Next, we addressed another analysis from WM. In WM-Figure 3, they showed an analysis that suggested that players with lower image scores appeared to be more discriminating than players with higher image scores. Their
y-axis was “image score of receivers who get something” and their
x-axis was “number of donations (donor image score at the end)”. As with our
Figure 1 above, the image score was the adjusted one that measured the deviations per group and round. Using a Kruskal–Wallis test, they found that players who accumulated higher image scores tended to donate money to players with image scores significantly lower than those players who had accumulated lower image scores. We did the same analysis, using our YES corrected image score variable as the dependent variable, and a simple count of the amount of donor’s donations as the independent variable. In contrast to WM, our result was not significant (Kruskal–Wallis H = 8.145,
df = 8,
p = 0.419).
The extent of payoffs vary widely across participants for a number of reasons. Because of randomization in the way that the computer program paired players, players had unequal chances to donate and receive (i.e., some players had more turns than others). The mean amount of donations was 4.20 (std. dev. = 2.02). The mean income at the end of the game was £10.28 GBP (std. dev. = 3.55), range £1.50–19.00 (for context, a typical 500 mL bottle of cola in nearby shops costed £1.00 at that time). Income was inversely correlated with the number of chances to donate, Pearson
r = −0.722,
p < 0.001, and positively correlated with the number of chances to receive,
r = 0.722,
p < 0.001. Also, income was inversely correlated with the number of donations actually made, Pearson
r = −0.521,
p < 0.001. Image score was calculated the same way as in Nowak and Sigmund [
4]: starting at zero at round one; the allocation thereafter was +1 for every donation and –1 for every non-donation (e.g., a donation followed by two non-donations would yield a score of –1). Overall image score of all players at the end of the game was 1.98 (std. dev. = 2.66), range −5 to +5. The correlation between end income and (uncorrected) end image score (i.e., score at the beginning of round 12) was not significant, Pearson
r = −0.144,
p = 0.273.
3. Discussion
We successfully replicated the key result of WM, showing that, from the donor’s perspective, the partner’s image score played a role in the decision-making about whether or not to donate money to a given recipient. We took care to conduct the same analysis as WM did (compare WM-Figure 2 to our
Figure 1). In an alternate analysis of the same data, we found that their main result held up. This shows that WM’s results were not simply an artefact of their unusual analysis. However, we did not successfully replicate WM’s results that appear to show that players with lower image scores are more discriminating in whom they choose to reward (WM-Figure 3). One possible explanation for this latter result is that players with higher image scores were more attentive to the image-scoring stimuli (or, conversely, that those with lower image scores were particularly inattentive). This is only conjecture on our part, and would need further study to ascertain why this particular result contradicts that of WM.

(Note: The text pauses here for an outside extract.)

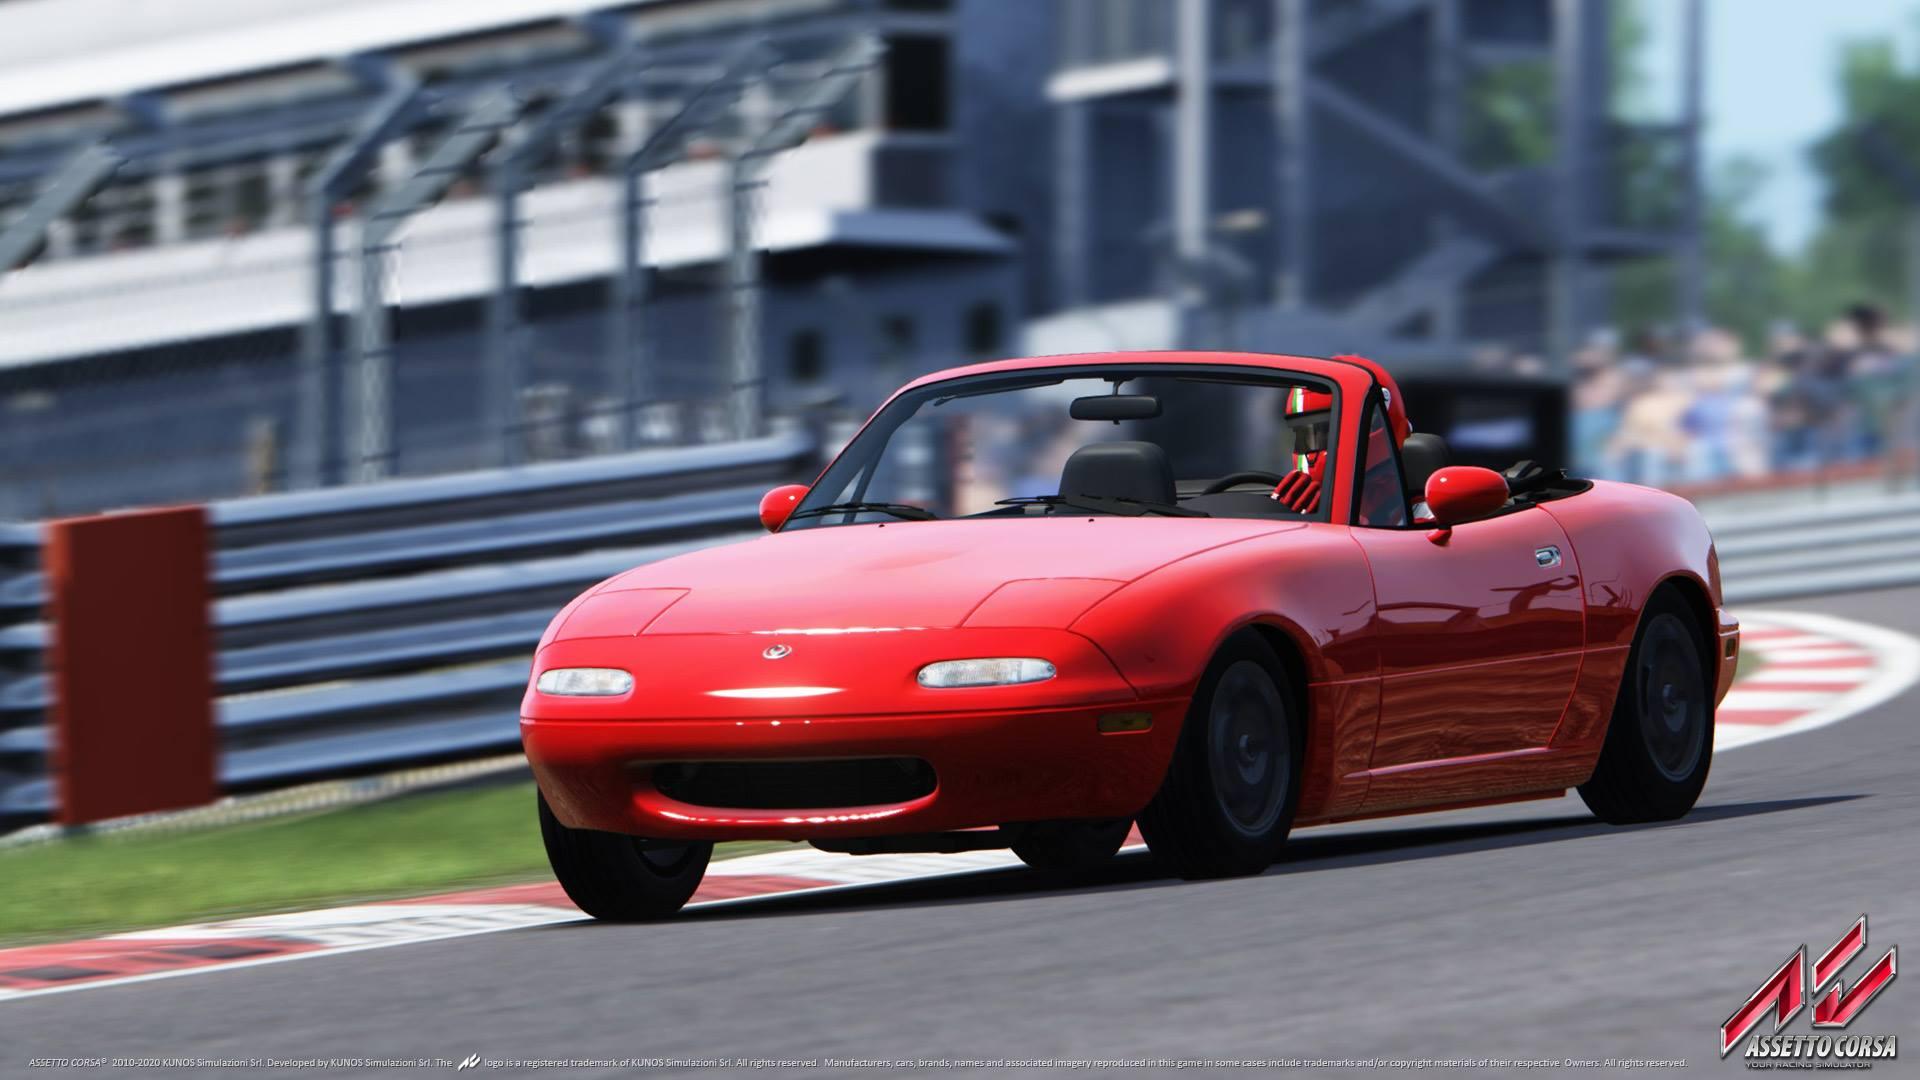 Assetto Corsa Update 1 13 & New Content Released – VirtualR

We acknowledge the limitations of our study. Despite our attempts to hew closely to WM’s methodology and analysis, it was unavoidable that we deviated in a number of ways (see Methods for details). One obvious (but easily forgiven) deviation was with respect to the actual machinery used in WM (see WM-Figure 1). Their slightly antiquated physical set-up consisted of metal boxes, tangled wires, and light bulbs. Instead of attempting to reconstruct their non-computerized testing room, we used PCs, using the z-Tree software [
27]. Another deviation (perhaps, less easily forgivable) is that we chose to differentiate our procedures from WM in terms of the number of trials, number of rounds, group size, and history length (see
Table 1). That said, our study has several characteristics that provided an analogous experience to WM. For example, our range of history length was the same as theirs. Players in WM had six opportunities to donate and this allowed the viewing of up to five previous interactions (image scoring points gained in the final round was not viewed by other players because the game was done). In our study, players had a variable amount of opportunities to donate, but the history length was capped at five. Another example of how we provided a roughly equivalent experience is that the player in our had roughly six opportunities to be a donor. In WM, there were six rounds where participants interacted with other players thrice (once as donor, twice as receiver). This is a different definition of “round” from follow-up studies (
Table 1) where each round consisted of a single decision and the players stayed in the same role within a round (they did not switch roles until there was a new round). Therefore, WM’s game had
de facto eighteen rounds of play (if you adopt the definition of “round” used in our study and other studies in
Table 1). In our study, all role designations were randomized, which caused a range of two to nine opportunities to donate, but with a population mean of six times (approximating the random six times of WM). Another parallel to WM is that our group sizes were the same. We had ten participants in every group (WM had one group with nine players, which we conjecture was not planned, but due to a no-show participant). Despite the similarities mentioned above, our study did differ in important ways. Notably, we had ~25% fewer participants then WM did. In
Table 1, our study has the lowest number of participants. Obviously, a larger sample size would have provided better statistical power. Our sample size was not larger because we had significant budgetary and time constraints at the time that the study was run. However, the replication was successful, despite our smaller sample size.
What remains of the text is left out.